Again she shocks the girl. And again. The second time, Lore’s shoulders shudder and she gurgles as if trying to dislodge the tube in her throat. Her blood pressure reading ticks up: 55 over 30. Come back , calls Franckline.
“She’s passing a little urine,” says the anesthesiologist.
“Again,” says Dr. Mankowitz. With the next defibrillation they hear the heartbeat, though it is rapid, hounded. For long minutes they continue their work and wait. The hiss of the siphon, the squelch of the saturated sponges hitting the bucket. The irregular beeping of the machines. Franckline can see the uterus finally begin to pull closed like a drawstring purse. Dr. Merchant’s hands, continuing to massage, are steady, but she feels the tense heat rolling off of him.
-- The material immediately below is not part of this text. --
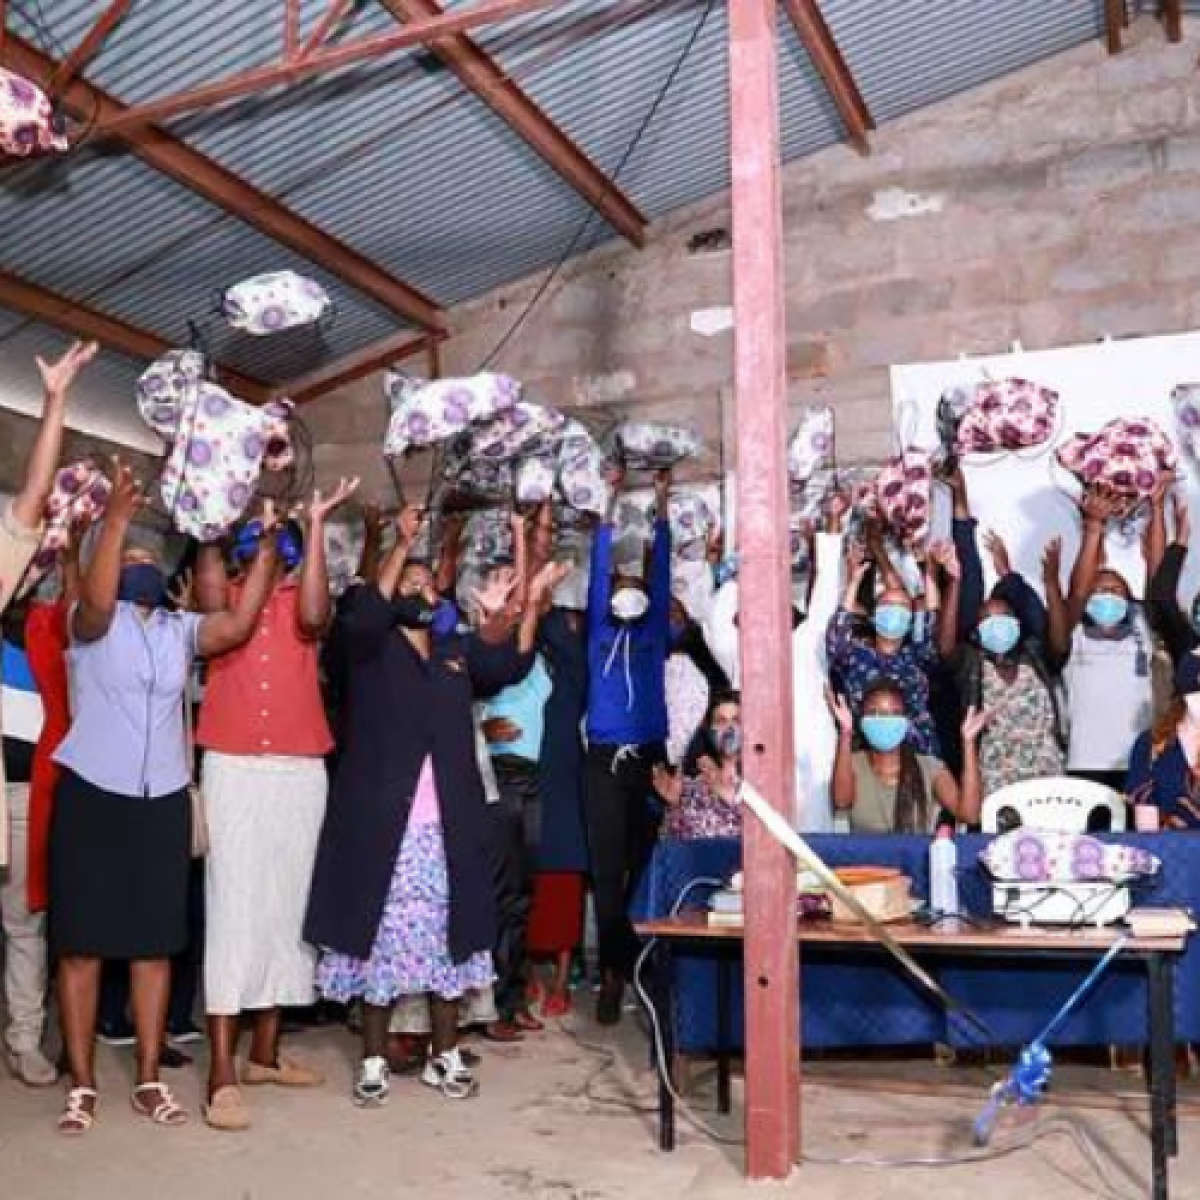 Women employees in Kenya with their locally manufactured bag that includes locally sourced, disposable and reusable menstrual products and underwear.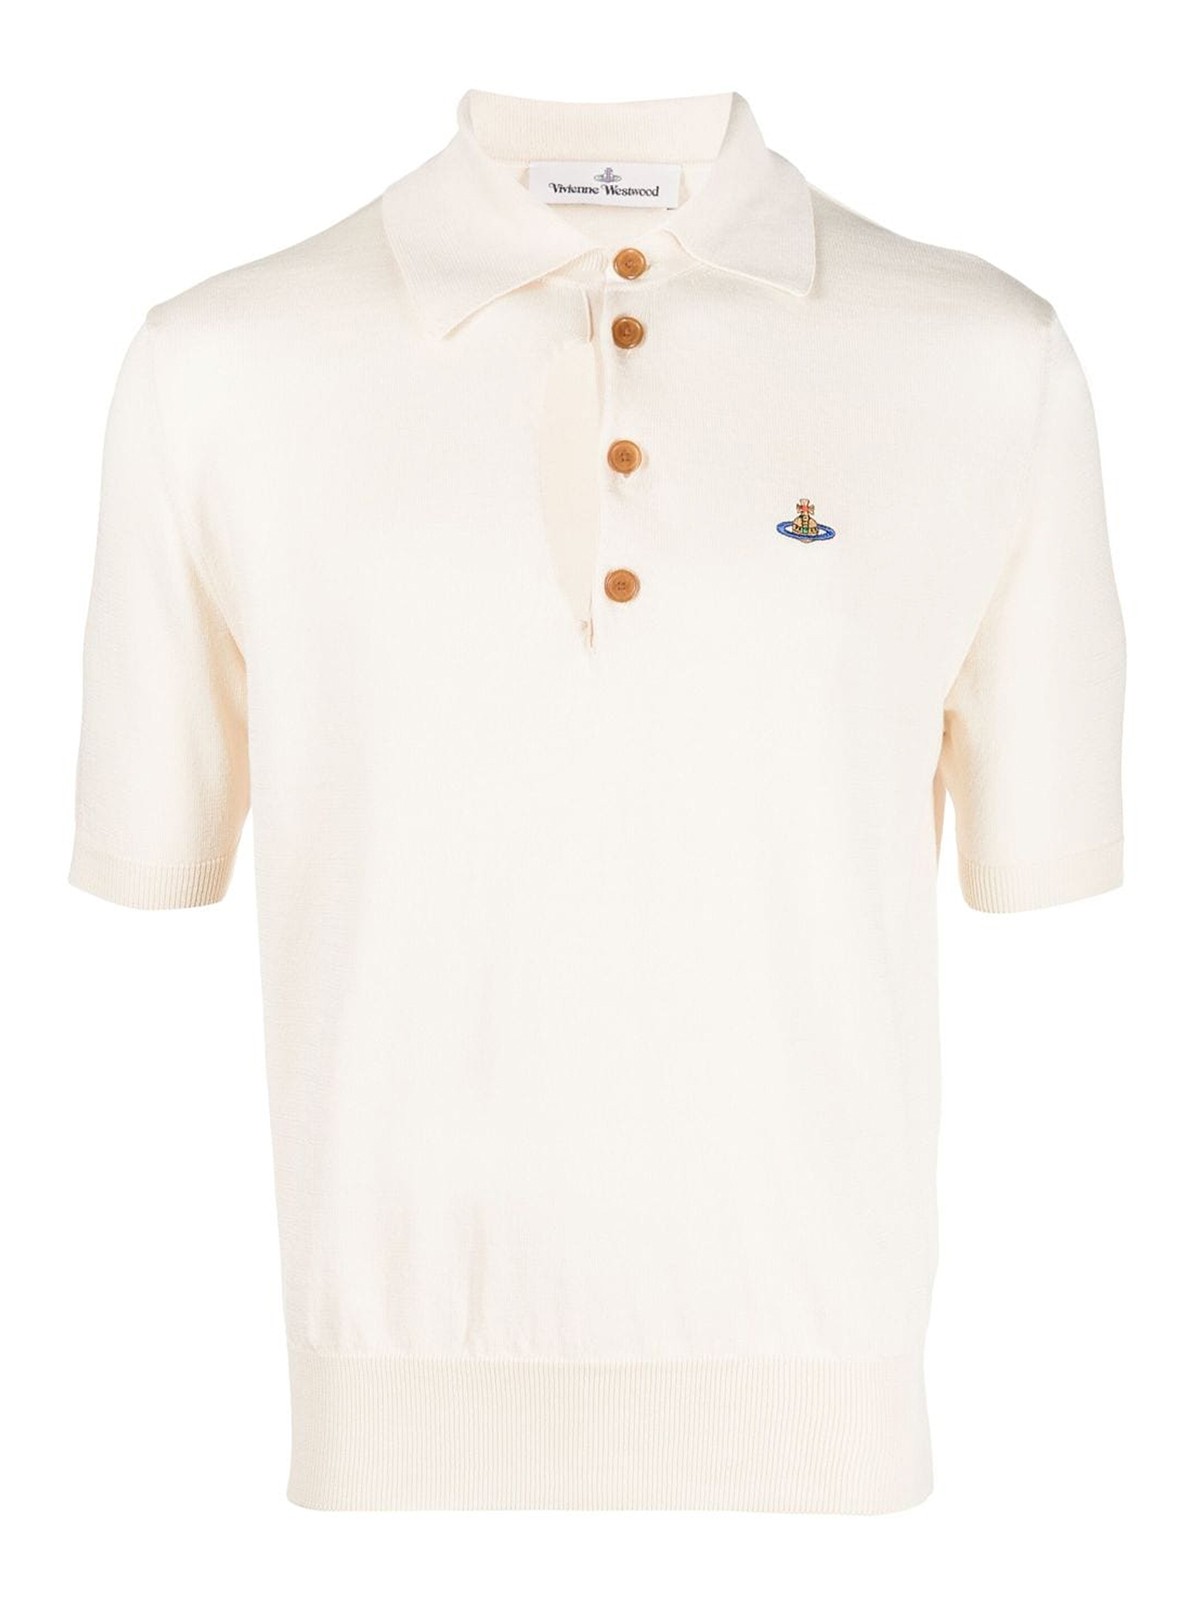 Vivienne Westwood Logo Polo Shirt In White

Blood pressure 80 over 50. Heart 85 beats per minute. Thank you. Thank you, Papa Ghede. Thank you, Jesus Christ our Savior. Hold off death. Deny death. Death must not exist today. Blood pressure 90 over 60. Heart 75 beats per minute. Lore’s face goes from gray to pale; she is inhabited again.
“Okay,” Dr. Mankowitz finally says, straightening. “Sew her up.” The pace in the room slows. They have time to be careful now. Dr. Merchant dips and tugs with the surgical thread, creating neat dashes: twenty, twenty-five, thirty. There is no hurry. Gradually, Lore’s insides are returned to her privacy.
Moments later the anesthesiologist removes the breathing tube, and Franckline and the tech begin the process of cleaning Lore up. Patiently they wipe her with warm water and antibacterial pads, dry her. The bloody sponges sit in a tub, waiting to be counted, and the canister of Lore’s blood mixed with amniotic fluid will be measured, too, so that they will know exactly what came out of Lore’s body as well as what went in, what she lost to have this baby.